BRIEF: Output, exactly as written, the lines below starting at the line containing "The helmet belonged" and ending at the line containing "For more information". Drop the pictures and keep both end lines.

RECORDS SUPPLIED:
+ + +
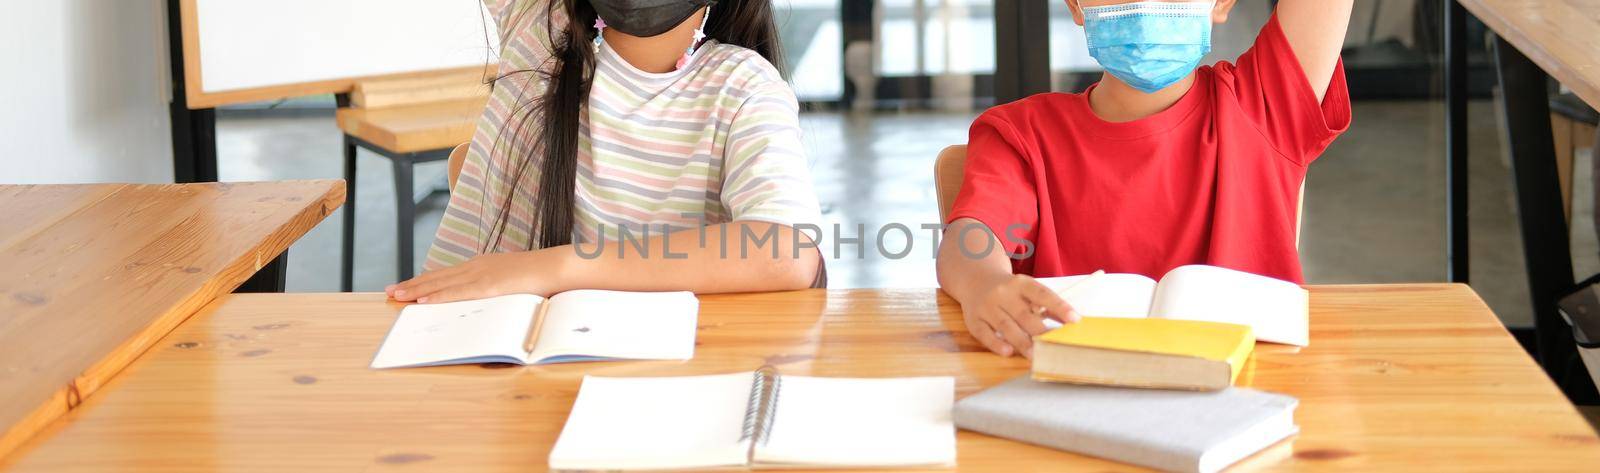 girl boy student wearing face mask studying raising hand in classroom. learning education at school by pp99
+ + +
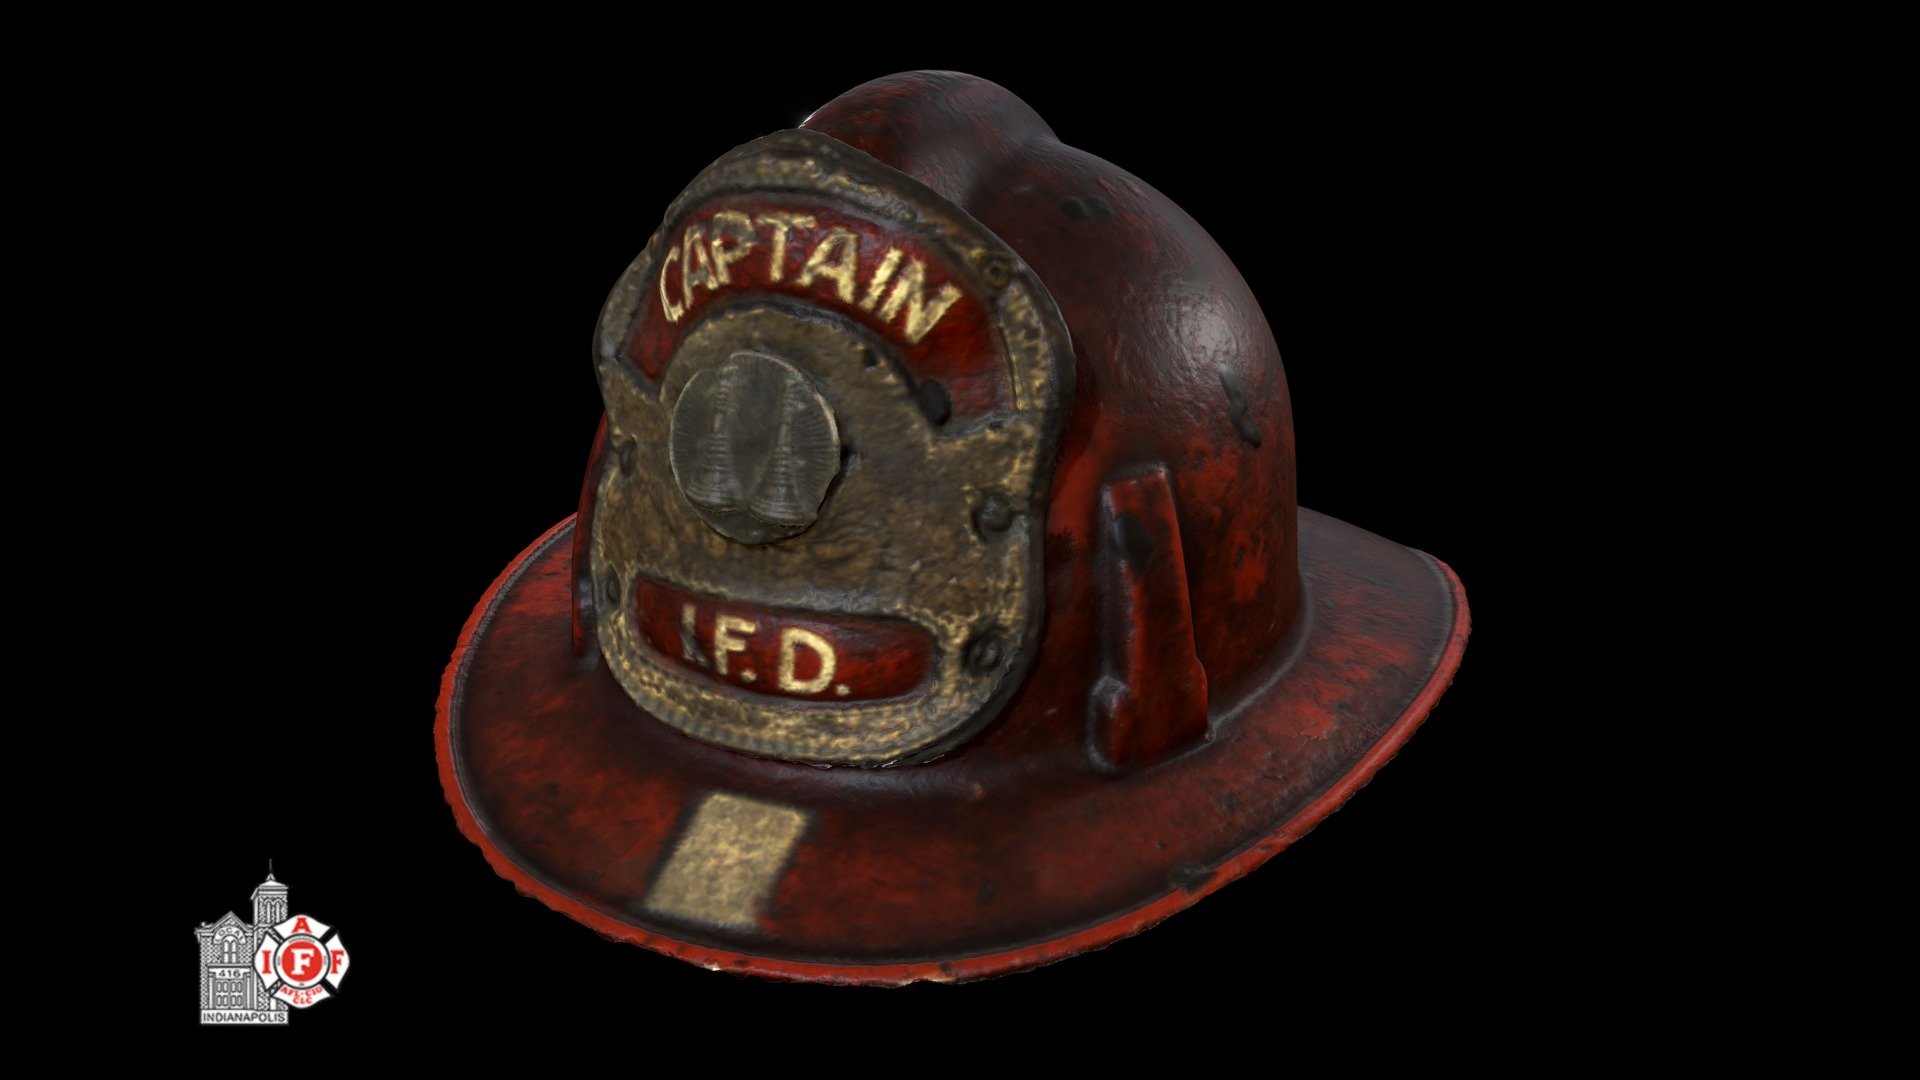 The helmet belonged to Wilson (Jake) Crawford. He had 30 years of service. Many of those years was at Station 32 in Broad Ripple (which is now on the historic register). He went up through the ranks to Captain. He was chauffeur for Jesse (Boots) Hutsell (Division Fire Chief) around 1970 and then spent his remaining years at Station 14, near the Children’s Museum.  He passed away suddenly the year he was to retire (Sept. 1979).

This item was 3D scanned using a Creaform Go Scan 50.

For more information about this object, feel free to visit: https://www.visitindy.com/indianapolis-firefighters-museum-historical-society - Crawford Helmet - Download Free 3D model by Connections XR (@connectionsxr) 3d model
+ + +
SOLUTION:
 The helmet belonged to Wilson (Jake) Crawford. He had 30 years of service. Many of those years was at Station 32 in Broad Ripple (which is now on the historic register). He went up through the ranks to Captain. He was chauffeur for Jesse (Boots) Hutsell (Division Fire Chief) around 1970 and then spent his remaining years at Station 14, near the Children’s Museum.  He passed away suddenly the year he was to retire (Sept. 1979).

This item was 3D scanned using a Creaform Go Scan 50.

For more information about this object, feel free to visit: https://www.visitindy.com/indianapolis-firefighters-museum-historical-society - Crawford Helmet - Download Free 3D model by Connections XR (@connectionsxr) 3d model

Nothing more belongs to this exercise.